Соловушкин тяжело вздохнул.

"Значит, в школу она пошла в шесть лет, шлюха. Шесть приплюсовываем к десяти, получаем шестнадцать. Прибавляем… Нет, ну надо же было так по-дурацки влипнуть!"

— Послушайте! — сказал он. — Как вас там? Олег Данилович?

— Олег Дмитриевич.

— Да-да, помню, Олег Дмитриевич… Не знаю, что у вас, Олег Дмитриевич, на уме, но то, что ей нет восемнадцати, я впервые услышал только что от вас. Поверьте, я не вру!

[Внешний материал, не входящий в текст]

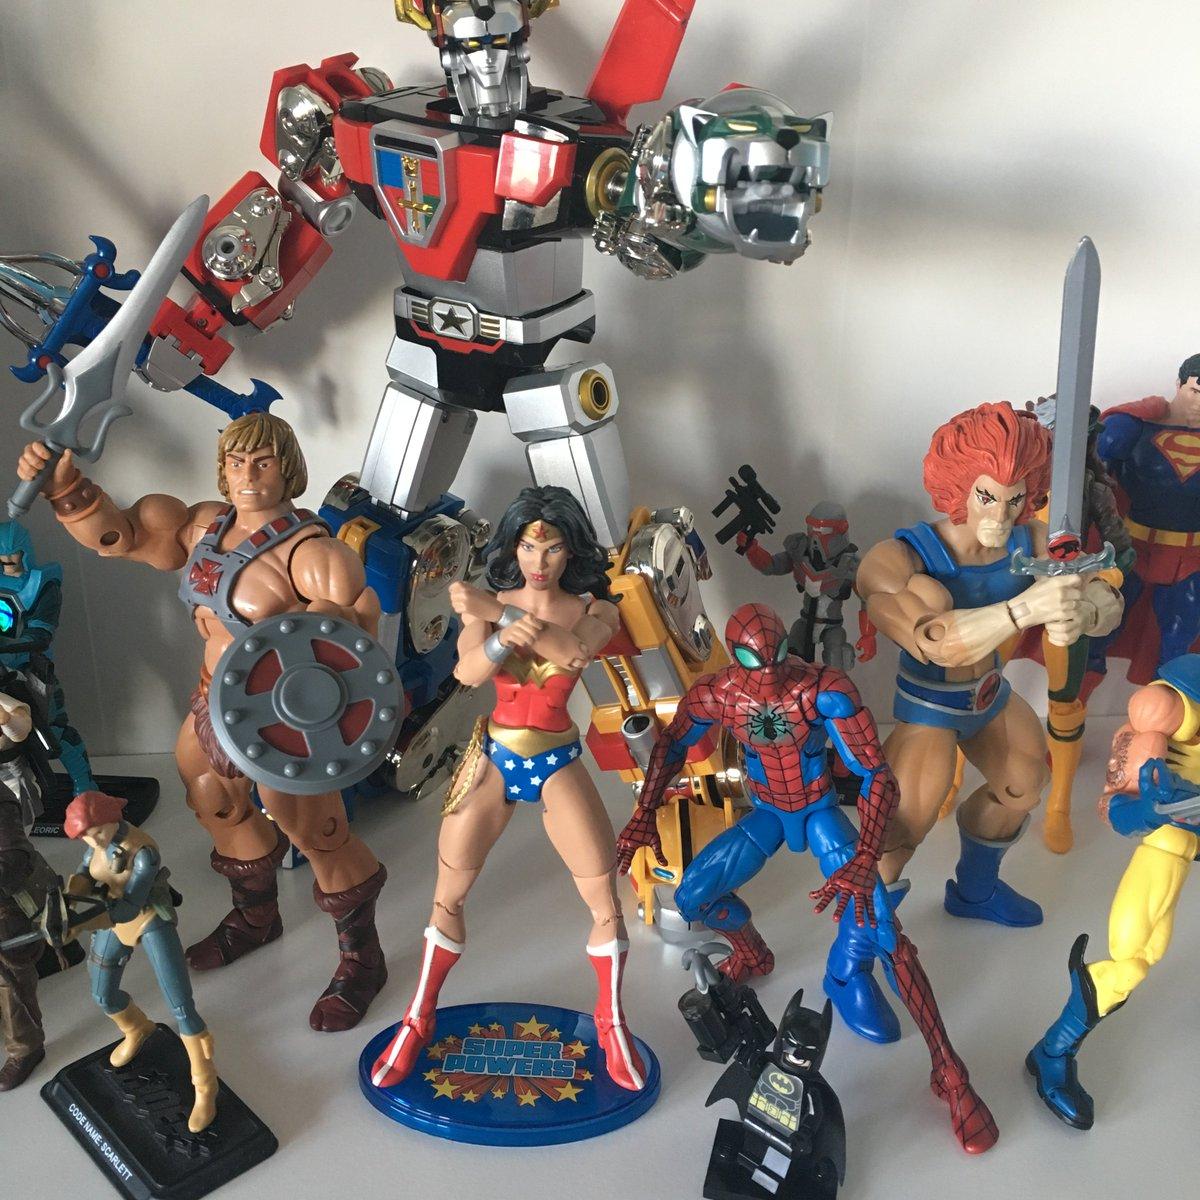 80 Toy Action Figure Shelves - DP1K9PcWkAAhhW5_Fantastic 80 Toy Action Figure Shelves - DP1K9PcWkAAhhW5  Graphic_24653.jpg

Всем своим видом показывая, что ему, отцу обесчещенной девочки, совершенно безразлично, когда он узнал о ее возрасте, старик сказал, что главное не то, слышал он, подлец, или не слышал, врет или не врет, а то, что его маленькую дочь совратили, воспользовавшись беспомощностью, доверчивостью и отсутствием должного контроля со стороны матери.

— И всё на этом! Всё! Ничего больше меня не волнует!

— Да не совращал я вашу дочь! — взорвался Соловушкин. — Мне даже уламывать её не пришлось! Я, если хотите знать, давным-давно забыл, когда в последний раз кого-то там уламывал, тем более совращал!.. Хотя нет, вру, помню — в двадцать лет. Точно! В двадцать один год я начал давать сольные концерты, и с тех пор уламывать и совращать стали уже меня.

Лицо старика после этих слов будто окаменело. Он сжал губы, отчего на том месте, где они находились, появилась одна плотно склеенная черточка, сквозь которую секундой позже прозвучало проклятье в адрес подлеца, и с решительным видом направился к выходу из комнаты.

Соловушкин бросился за ним. Догнал у двери и, обняв за плечо, повернул обратно.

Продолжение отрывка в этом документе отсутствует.